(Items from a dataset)
════════════════════

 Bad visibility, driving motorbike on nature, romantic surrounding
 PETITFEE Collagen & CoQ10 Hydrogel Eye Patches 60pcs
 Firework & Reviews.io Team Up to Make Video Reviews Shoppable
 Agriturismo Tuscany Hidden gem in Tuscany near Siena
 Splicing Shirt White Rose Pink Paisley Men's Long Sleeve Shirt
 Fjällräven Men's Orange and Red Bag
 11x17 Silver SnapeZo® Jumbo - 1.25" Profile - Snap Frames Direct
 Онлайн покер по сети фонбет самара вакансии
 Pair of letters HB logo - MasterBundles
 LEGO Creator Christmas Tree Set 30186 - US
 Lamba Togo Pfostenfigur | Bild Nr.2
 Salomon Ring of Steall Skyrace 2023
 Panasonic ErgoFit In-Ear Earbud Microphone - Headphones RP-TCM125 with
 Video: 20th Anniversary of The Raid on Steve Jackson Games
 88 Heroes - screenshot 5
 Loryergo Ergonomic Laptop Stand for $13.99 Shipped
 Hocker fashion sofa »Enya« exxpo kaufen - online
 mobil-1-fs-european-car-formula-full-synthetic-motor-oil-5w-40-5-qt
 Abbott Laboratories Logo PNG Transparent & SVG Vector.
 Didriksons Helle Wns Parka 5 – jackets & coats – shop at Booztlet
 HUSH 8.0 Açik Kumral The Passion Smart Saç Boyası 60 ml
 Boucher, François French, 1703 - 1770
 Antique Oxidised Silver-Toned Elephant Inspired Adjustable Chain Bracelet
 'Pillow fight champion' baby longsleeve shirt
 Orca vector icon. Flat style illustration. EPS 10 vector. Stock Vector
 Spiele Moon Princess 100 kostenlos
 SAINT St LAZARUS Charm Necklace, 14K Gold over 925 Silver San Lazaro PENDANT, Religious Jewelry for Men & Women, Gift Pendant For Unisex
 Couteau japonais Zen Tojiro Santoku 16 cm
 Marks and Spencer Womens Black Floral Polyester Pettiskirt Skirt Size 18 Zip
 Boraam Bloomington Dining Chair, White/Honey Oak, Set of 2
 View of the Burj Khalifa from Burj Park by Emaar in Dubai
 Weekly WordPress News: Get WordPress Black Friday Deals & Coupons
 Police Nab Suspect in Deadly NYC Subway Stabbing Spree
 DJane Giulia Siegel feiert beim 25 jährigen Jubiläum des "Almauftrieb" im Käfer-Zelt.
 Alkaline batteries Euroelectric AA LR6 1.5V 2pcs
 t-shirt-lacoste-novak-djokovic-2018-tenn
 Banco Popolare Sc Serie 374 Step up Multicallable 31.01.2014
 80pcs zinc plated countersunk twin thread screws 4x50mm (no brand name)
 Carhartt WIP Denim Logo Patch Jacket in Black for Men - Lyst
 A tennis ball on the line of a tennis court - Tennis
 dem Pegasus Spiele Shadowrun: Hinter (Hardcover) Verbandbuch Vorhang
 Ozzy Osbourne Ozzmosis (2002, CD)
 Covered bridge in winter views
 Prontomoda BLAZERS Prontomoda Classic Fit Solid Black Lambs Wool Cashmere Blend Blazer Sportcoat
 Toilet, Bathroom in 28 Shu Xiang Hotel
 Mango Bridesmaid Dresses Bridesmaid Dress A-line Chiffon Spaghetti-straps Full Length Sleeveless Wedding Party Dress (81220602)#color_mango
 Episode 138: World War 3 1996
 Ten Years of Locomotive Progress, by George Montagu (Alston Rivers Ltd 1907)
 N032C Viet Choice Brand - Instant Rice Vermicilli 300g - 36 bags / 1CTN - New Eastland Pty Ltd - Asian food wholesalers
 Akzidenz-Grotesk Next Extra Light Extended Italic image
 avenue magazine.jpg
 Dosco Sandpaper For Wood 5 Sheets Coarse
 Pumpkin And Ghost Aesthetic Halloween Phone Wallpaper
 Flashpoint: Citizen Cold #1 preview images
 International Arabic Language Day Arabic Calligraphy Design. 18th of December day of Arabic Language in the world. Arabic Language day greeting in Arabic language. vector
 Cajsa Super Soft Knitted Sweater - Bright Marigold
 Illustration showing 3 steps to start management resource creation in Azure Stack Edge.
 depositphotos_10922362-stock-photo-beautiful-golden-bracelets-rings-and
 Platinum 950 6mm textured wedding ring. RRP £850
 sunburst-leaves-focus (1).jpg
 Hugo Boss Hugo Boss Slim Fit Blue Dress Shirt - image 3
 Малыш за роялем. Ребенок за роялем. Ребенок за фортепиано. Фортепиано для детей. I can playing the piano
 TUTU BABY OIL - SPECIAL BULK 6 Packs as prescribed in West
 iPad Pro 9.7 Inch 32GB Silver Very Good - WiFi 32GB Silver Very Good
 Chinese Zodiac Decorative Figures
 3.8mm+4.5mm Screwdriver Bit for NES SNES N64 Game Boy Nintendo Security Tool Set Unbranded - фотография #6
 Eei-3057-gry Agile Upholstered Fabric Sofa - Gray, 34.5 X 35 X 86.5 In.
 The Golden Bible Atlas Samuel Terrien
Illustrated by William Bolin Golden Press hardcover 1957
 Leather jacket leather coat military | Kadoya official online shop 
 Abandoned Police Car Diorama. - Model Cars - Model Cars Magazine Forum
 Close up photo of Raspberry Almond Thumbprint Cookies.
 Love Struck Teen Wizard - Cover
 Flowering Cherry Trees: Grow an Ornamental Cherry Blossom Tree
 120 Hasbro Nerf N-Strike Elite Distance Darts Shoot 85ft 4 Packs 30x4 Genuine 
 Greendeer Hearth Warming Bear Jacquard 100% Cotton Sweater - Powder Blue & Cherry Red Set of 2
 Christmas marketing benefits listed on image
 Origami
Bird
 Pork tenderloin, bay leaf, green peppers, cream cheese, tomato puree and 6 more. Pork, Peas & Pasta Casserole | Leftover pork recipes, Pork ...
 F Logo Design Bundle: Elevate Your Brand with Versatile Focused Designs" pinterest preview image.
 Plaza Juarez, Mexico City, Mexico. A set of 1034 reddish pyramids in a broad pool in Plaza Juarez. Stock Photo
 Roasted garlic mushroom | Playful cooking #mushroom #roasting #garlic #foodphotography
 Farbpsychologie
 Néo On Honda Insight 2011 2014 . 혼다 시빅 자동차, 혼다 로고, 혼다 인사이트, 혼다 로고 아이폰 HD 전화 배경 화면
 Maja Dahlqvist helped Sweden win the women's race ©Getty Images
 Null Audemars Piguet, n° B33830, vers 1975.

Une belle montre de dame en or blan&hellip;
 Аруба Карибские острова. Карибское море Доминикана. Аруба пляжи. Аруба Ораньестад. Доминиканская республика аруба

════════════════════

*How to complete this task*: Output the lines above exactly, but only those between the line holding "sunburst-leaves-focus (1).jpg" and the line holding "Illustrated by William", inclusive.

*Final answer*:
 sunburst-leaves-focus (1).jpg
 Hugo Boss Hugo Boss Slim Fit Blue Dress Shirt - image 3
 Малыш за роялем. Ребенок за роялем. Ребенок за фортепиано. Фортепиано для детей. I can playing the piano
 TUTU BABY OIL - SPECIAL BULK 6 Packs as prescribed in West
 iPad Pro 9.7 Inch 32GB Silver Very Good - WiFi 32GB Silver Very Good
 Chinese Zodiac Decorative Figures
 3.8mm+4.5mm Screwdriver Bit for NES SNES N64 Game Boy Nintendo Security Tool Set Unbranded - фотография #6
 Eei-3057-gry Agile Upholstered Fabric Sofa - Gray, 34.5 X 35 X 86.5 In.
 The Golden Bible Atlas Samuel Terrien
Illustrated by William Bolin Golden Press hardcover 1957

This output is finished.